● **The data**:

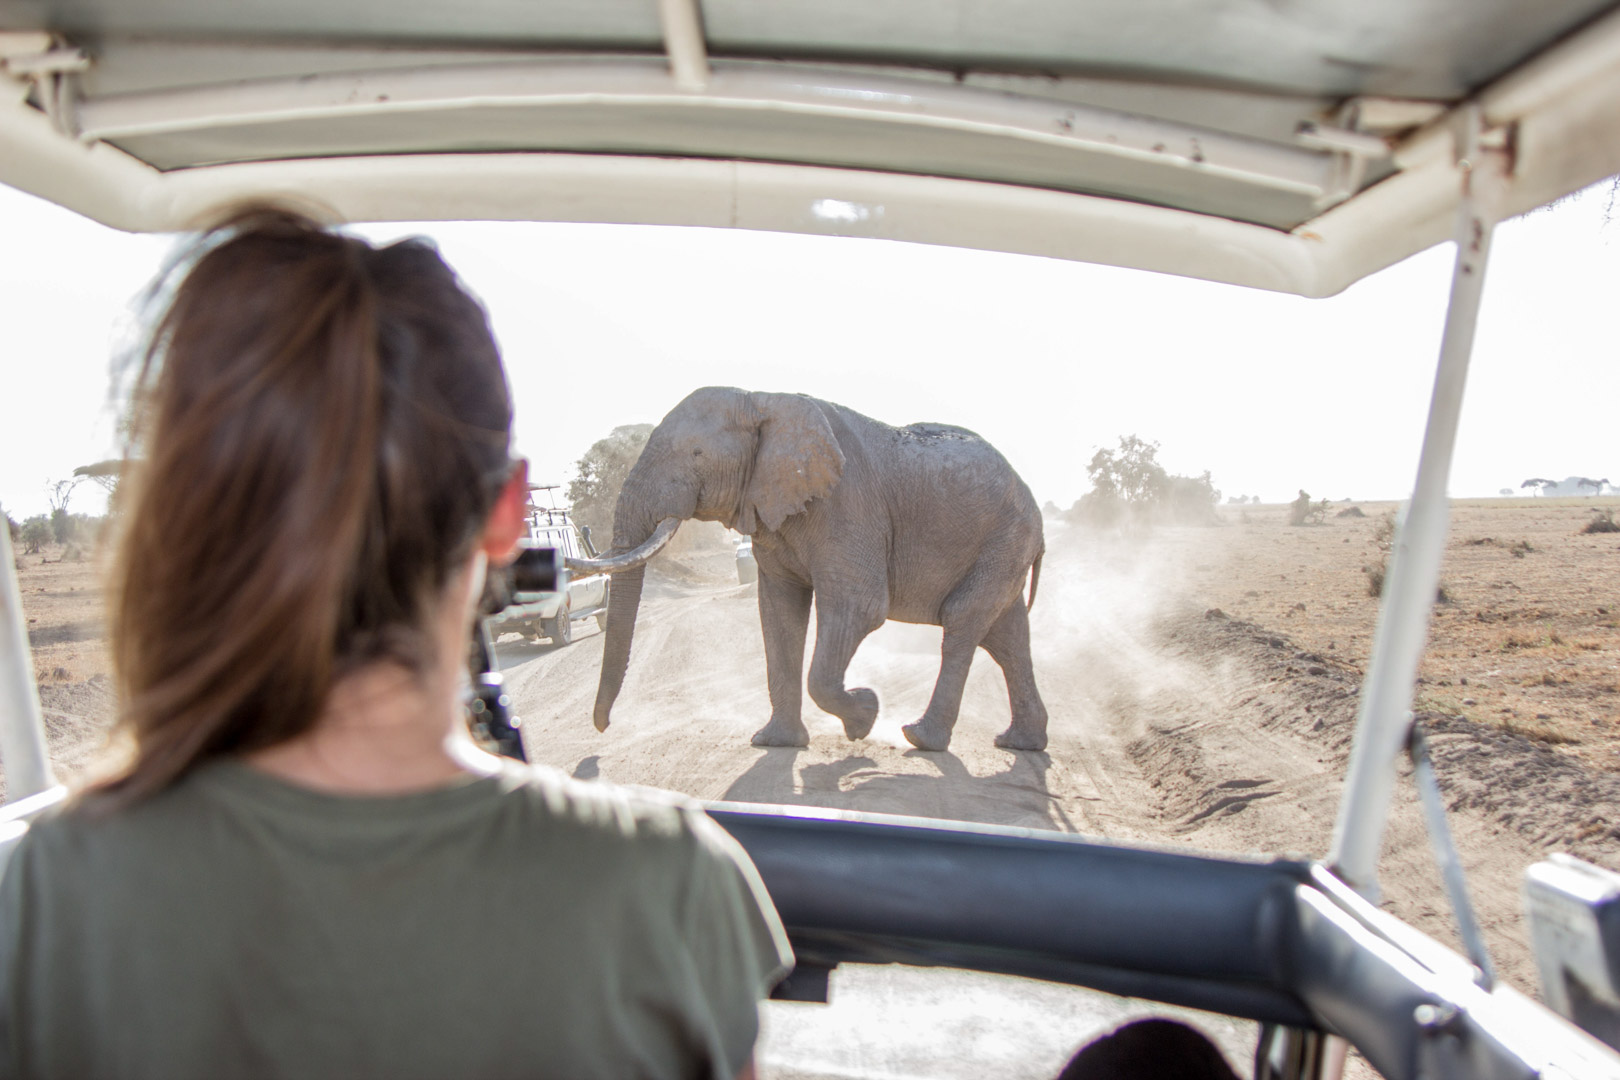 Elefante cruzando el camino, Parque Nacional de Amboseli, Kenia
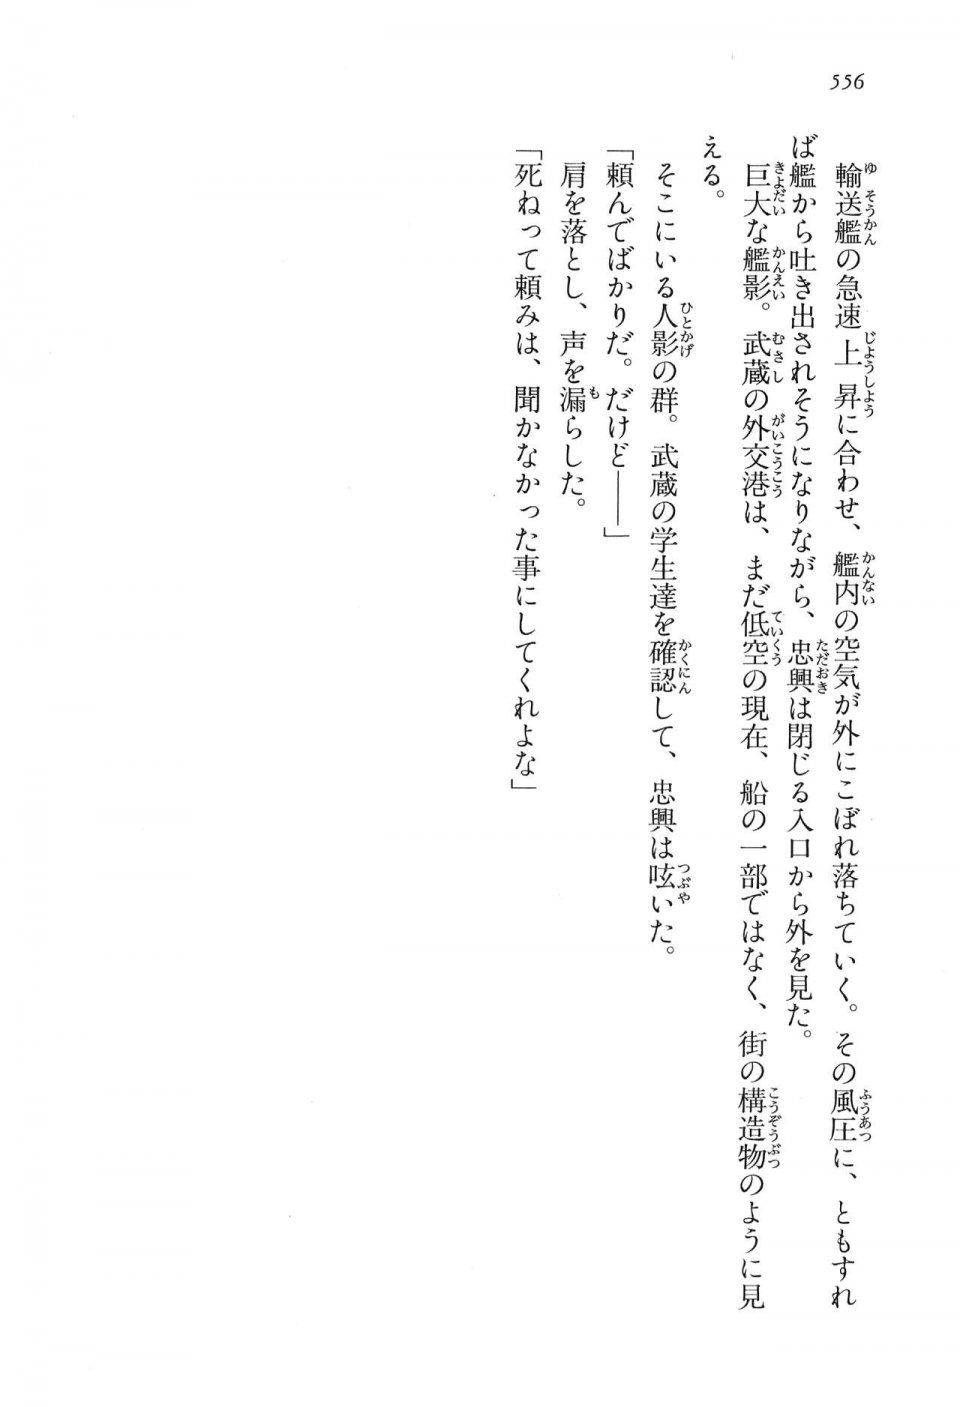 Kyoukai Senjou no Horizon LN Vol 16(7A) - Photo #556
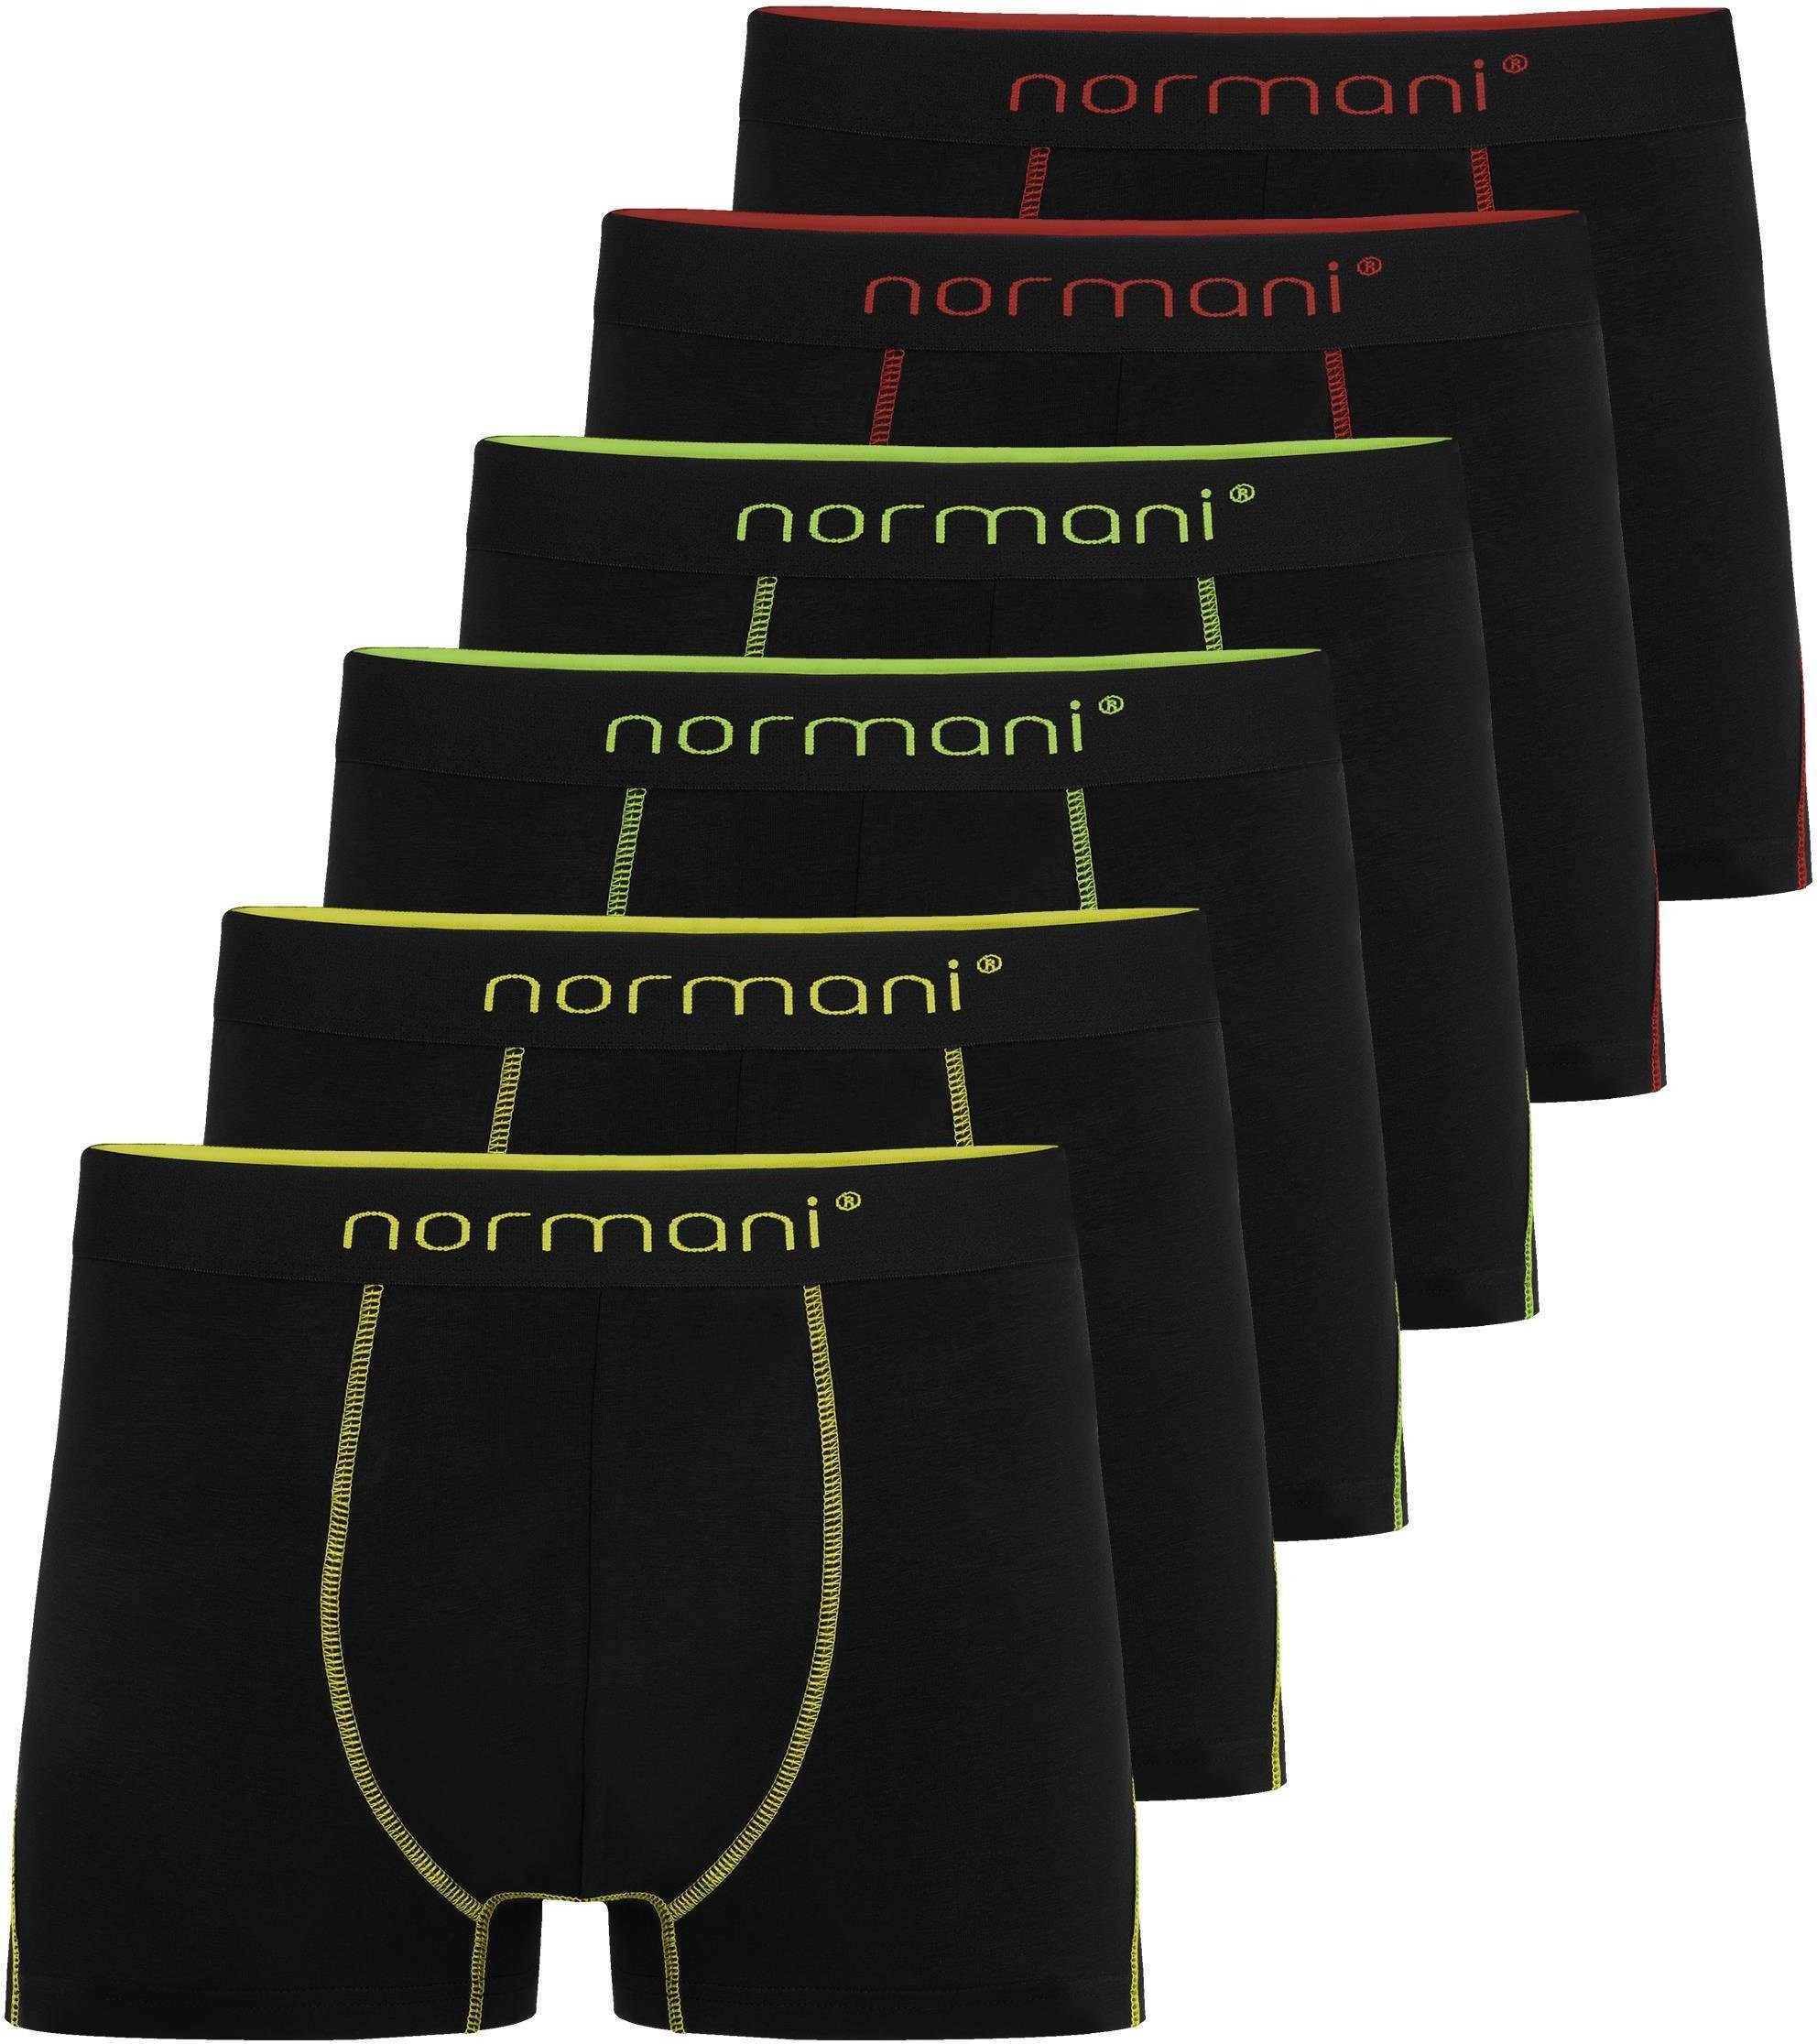 normani Boxershorts 6 Herren Baumwoll-Boxershorts Unterhose aus atmungsaktiver Baumwolle für Männer Gelb/Grün/Rot
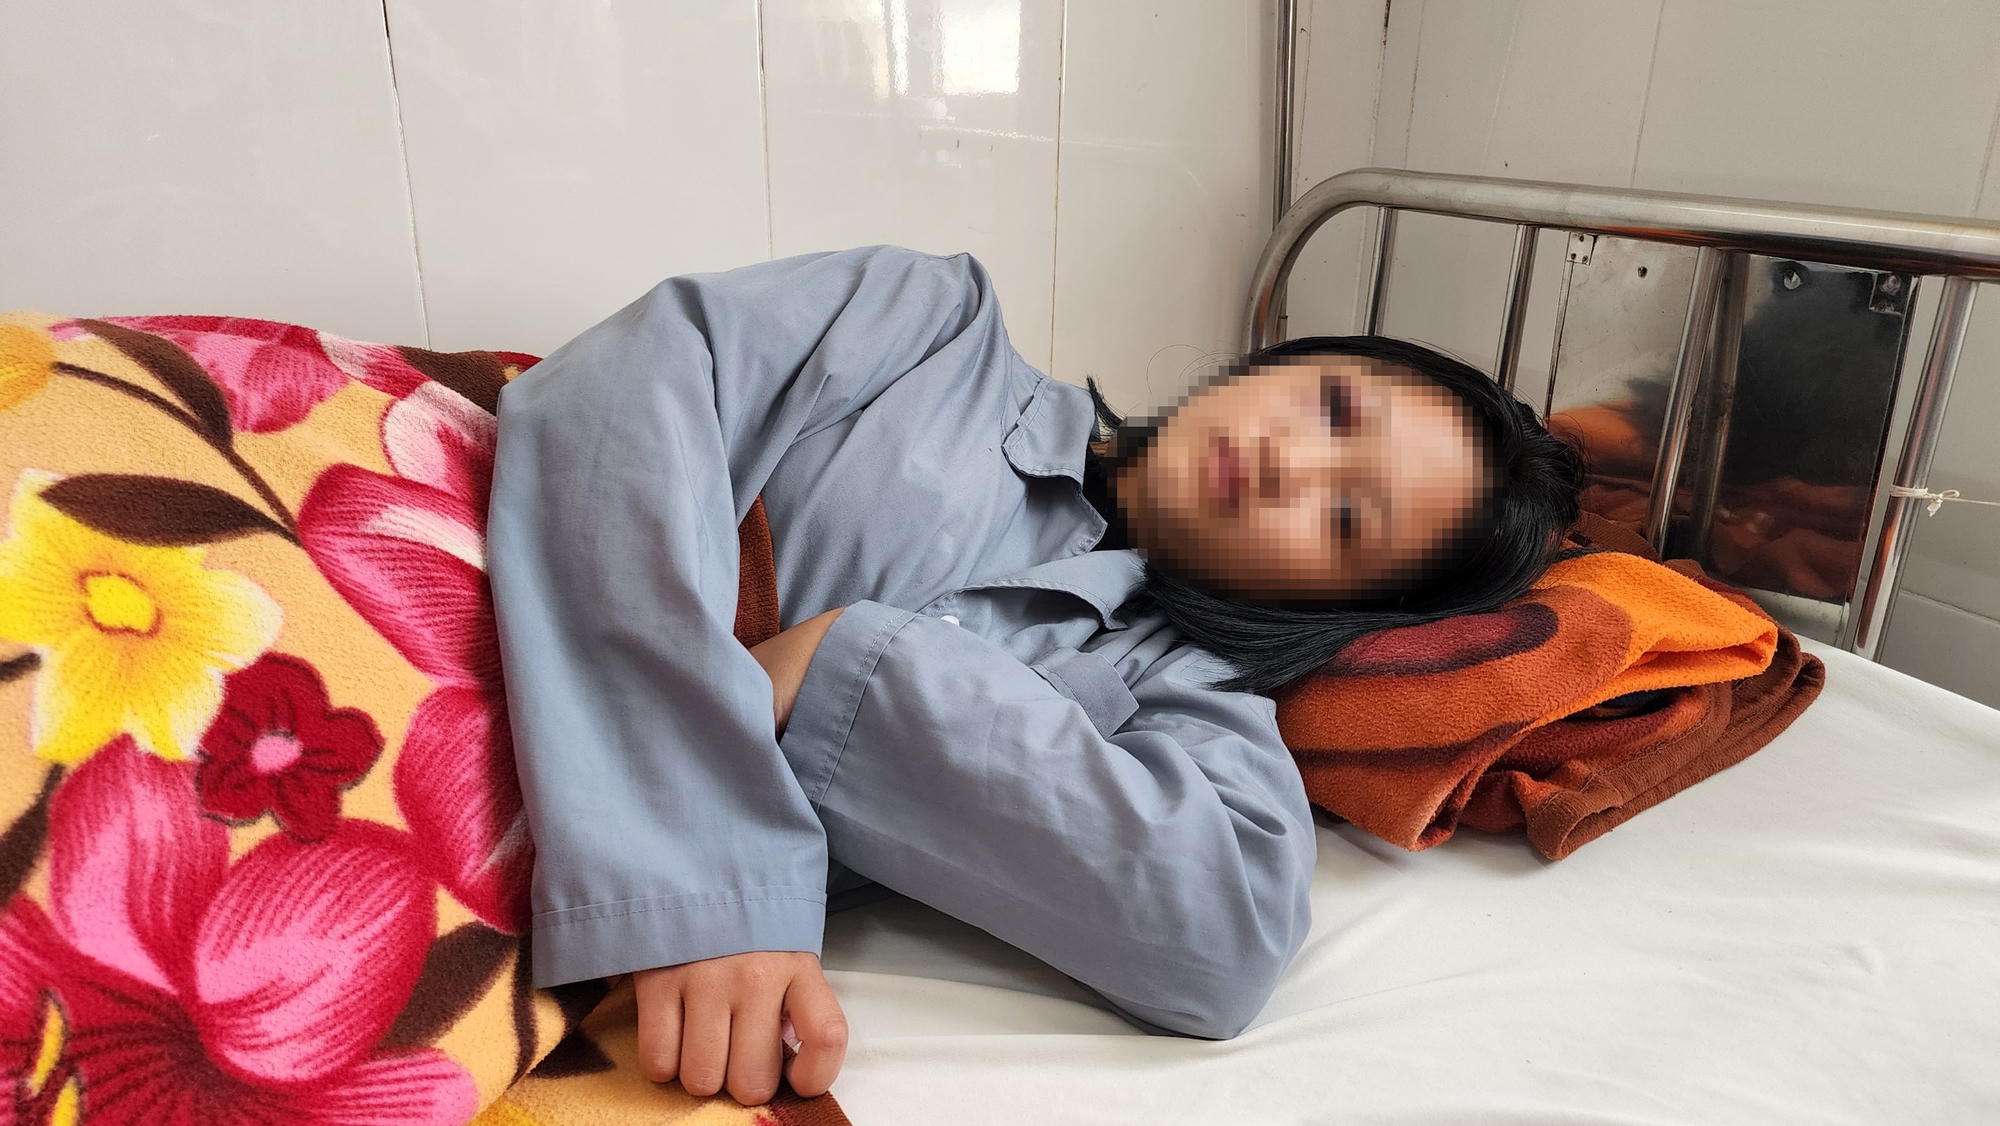 Nữ sinh lớp 7 bị đánh hội đồng ở Lâm Đồng, nhập viện trong tình trạng hoảng loạn  - Ảnh 2.

● **Task prompt**: Write the material above out again exactly. Omit every image.

● **Answer area**:
 Elefante cruzando el camino, Parque Nacional de Amboseli, Kenia
 Kyoukai Senjou no Horizon LN Vol 16(7A) - Photo #556
 normani Boxershorts 6 Herren Baumwoll-Boxershorts Unterhose aus atmungsaktiver Baumwolle für Männer Gelb/Grün/Rot
 Nữ sinh lớp 7 bị đánh hội đồng ở Lâm Đồng, nhập viện trong tình trạng hoảng loạn  - Ảnh 2.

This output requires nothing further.